If you want to balance the budget today by cutting nondiscretionary spending, here’s what you have to do. You have to zero-fund and eliminate the following: the legislative branch, the judicial branch, the executive branch, the departments of Agriculture, Commerce, Education, Energy, the Interior, Homeland Security, Housing and Urban Development, Justice, Labor, State, Transportation and Veterans Affairs. In addition, you will have to zero-fund the Army Corps of Engineers, the Environmental Protection Agency, the General Services Administration, international assistance programs, NASA, the Office of Personnel Management and the Small Business Administration. And finally, you have to cut the Department of Defense by 50 percent. What does all this mean? It means the only path to fiscal stability and responsibility is through cuts to Medicare, Social Security and the assistance programs.

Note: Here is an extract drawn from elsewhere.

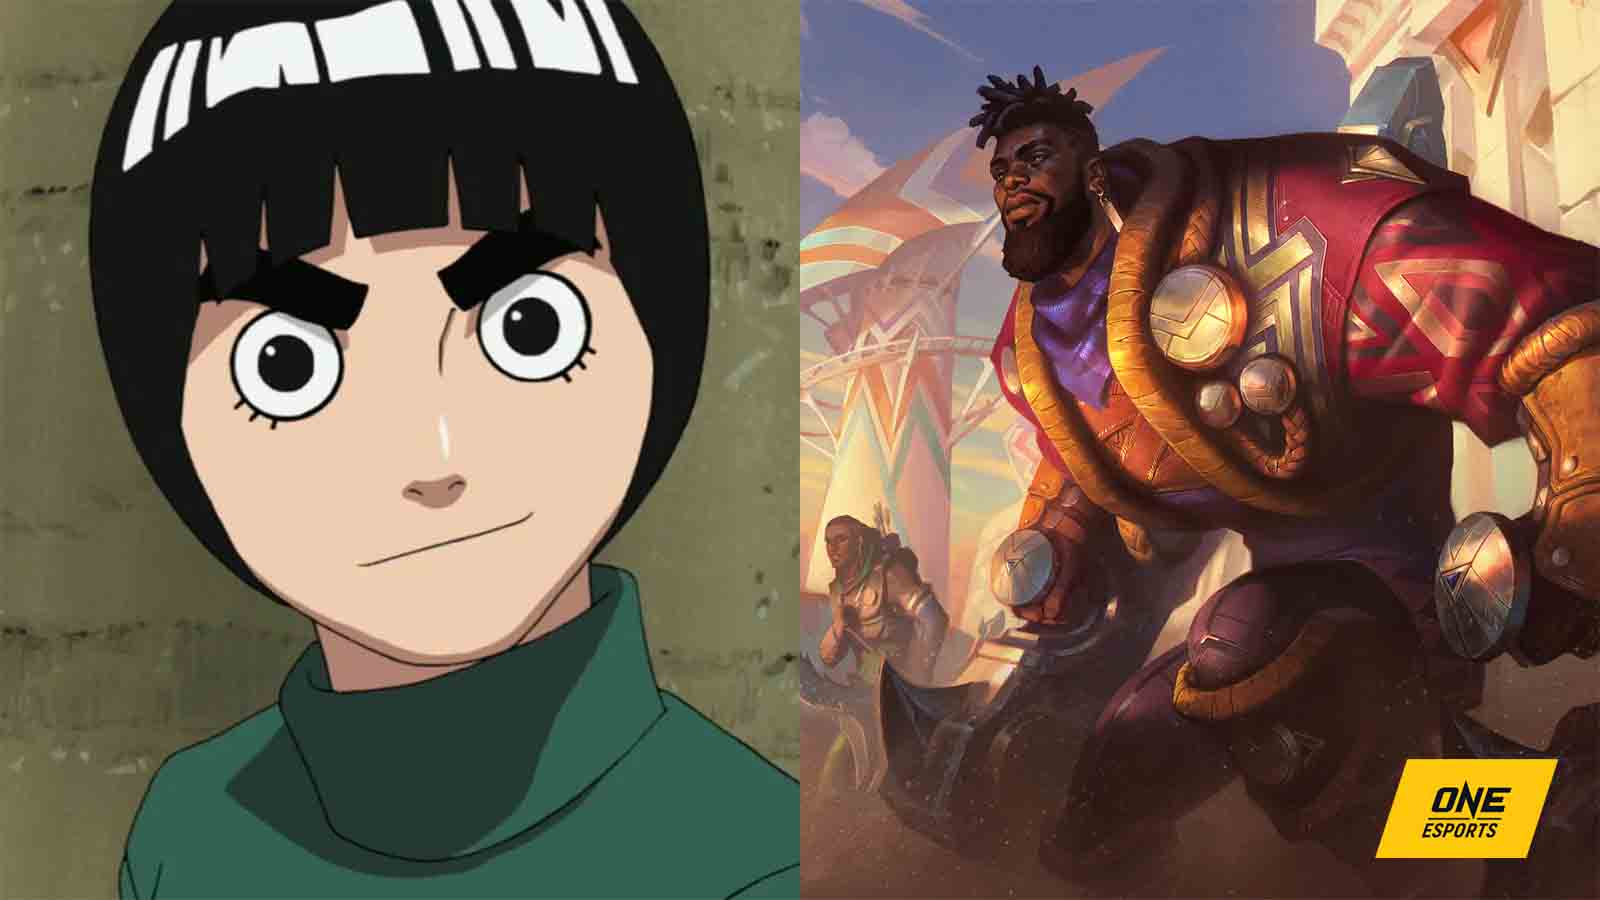 K'Sante's ultimate was inspired by Rock Lee from Naruto | ONE Esports

We need to fundamentally rethink what we want or need from government. If we do not, we will have a whole different set of problems in just a few years. I am not suggesting we should not have a safety net. It’s just that the safety net should not have to catch the entire population. We’re smarter than that.

Oh, by the way, if you’re looking for someone to blame, which seems to be something we need, or if you need to hold someone accountable, the answer is as close as your nearest mirror. While all these problems may have been caused by someone else, it was our responsibility and we failed. A government of the people, by the people and for the people, so on and so forth.